Building on Efficient Foundations: Effective Training of LLMs with Structured Feedforward Layers

WxLVYZbIew

Xiuying Wei et el.

TL;DR
#

Large Language Models (LLMs) are computationally expensive to train, mainly due to the computationally intensive feedforward networks (FFNs). This paper addresses this by exploring efficient low-rank and block-diagonal matrix parameterizations for FFNs, aiming to reduce parameters and FLOPs. Previous works often explored these approximations with pre-trained models and focused on specific tasks. This research investigates training LLMs with structured FFNs from scratch, scaling up to 1.3B parameters.

The study introduces a novel training technique called “self-guided training” to overcome the poor training dynamics associated with structured matrices, and compares the performance of these structured models to traditional dense models trained at an optimal scaling trade-off. Results indicate that structured networks can lead to significant computational gains and maintain comparable or superior performance, especially regarding training FLOPs utilization and throughput.
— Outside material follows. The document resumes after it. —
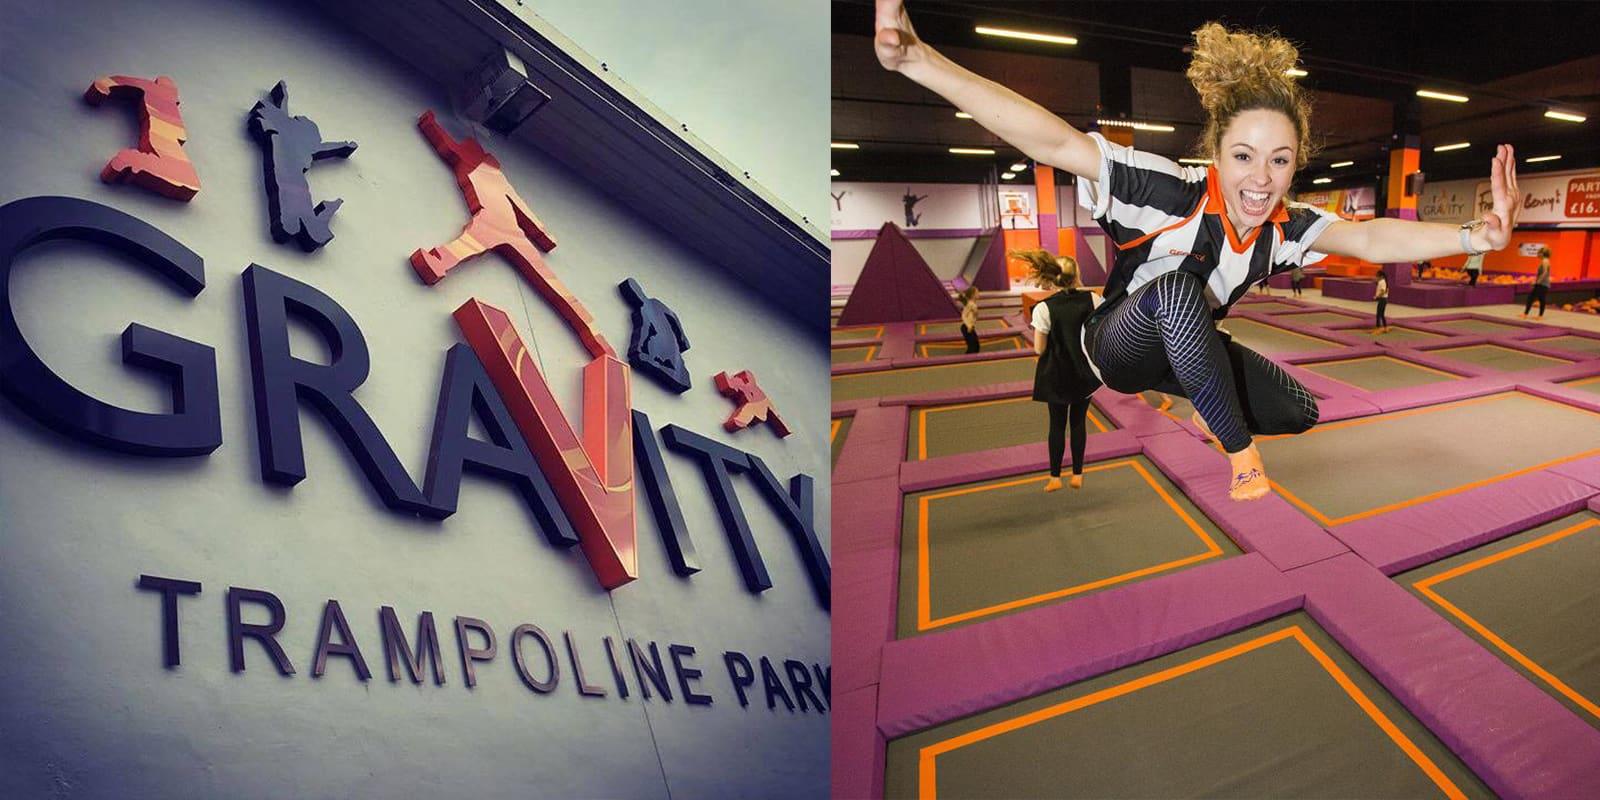 GraVity Trampoline Park has opened in Edinburgh!
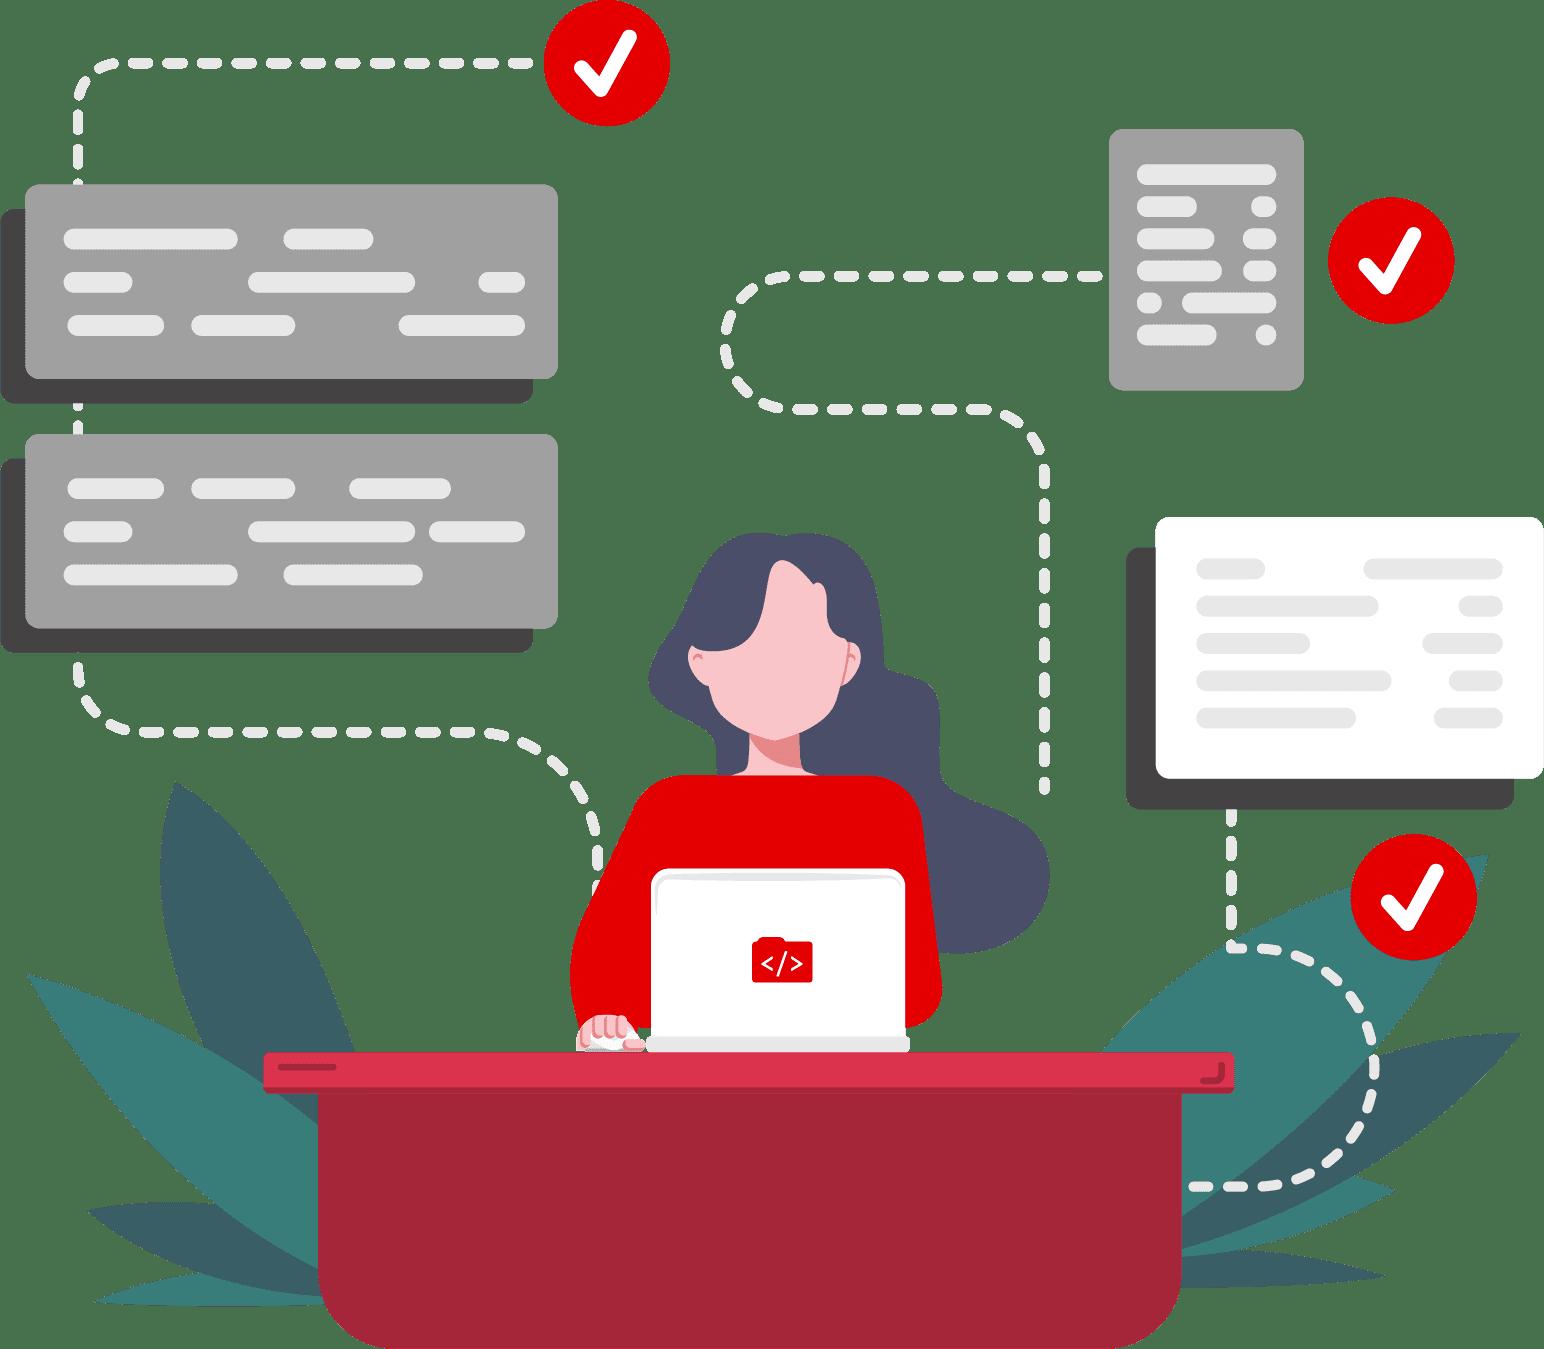 coderslink developer woman working remotely in her laptop receiving notifications

These improvements hold across different model sizes and even in the overtraining regime. The proposed method showcases the benefits of these parameterizations, especially when combined with the self-guided training approach.

Key Takeaways
#

Why does it matter?
#

This paper is crucial for researchers working on efficient large language models (LLMs). It tackles the critical issue of computational cost in LLMs by proposing novel training regimes and structured linear parameterizations for feedforward networks, which significantly impact training efficiency. The findings offer potential for faster and more cost-effective LLM training, especially relevant considering the current trend toward ever-larger models. The work also paves the way for future research on further optimizing LLM architectures and training methods, which may lead to the development of more accessible and powerful LLMs.

Visual Insights
#

This figure shows the scaling curves for validation loss against training FLOPs for LowRank models with 32% and 63% of the feedforward network (FFN) parameters, compared to a dense model trained with the optimal scaling law. The steeper curves for LowRank indicate that it uses training FLOPs more efficiently than the dense model, achieving a lower validation loss with fewer parameters at the optimal trade-off point. Section 4.2 provides further details and results.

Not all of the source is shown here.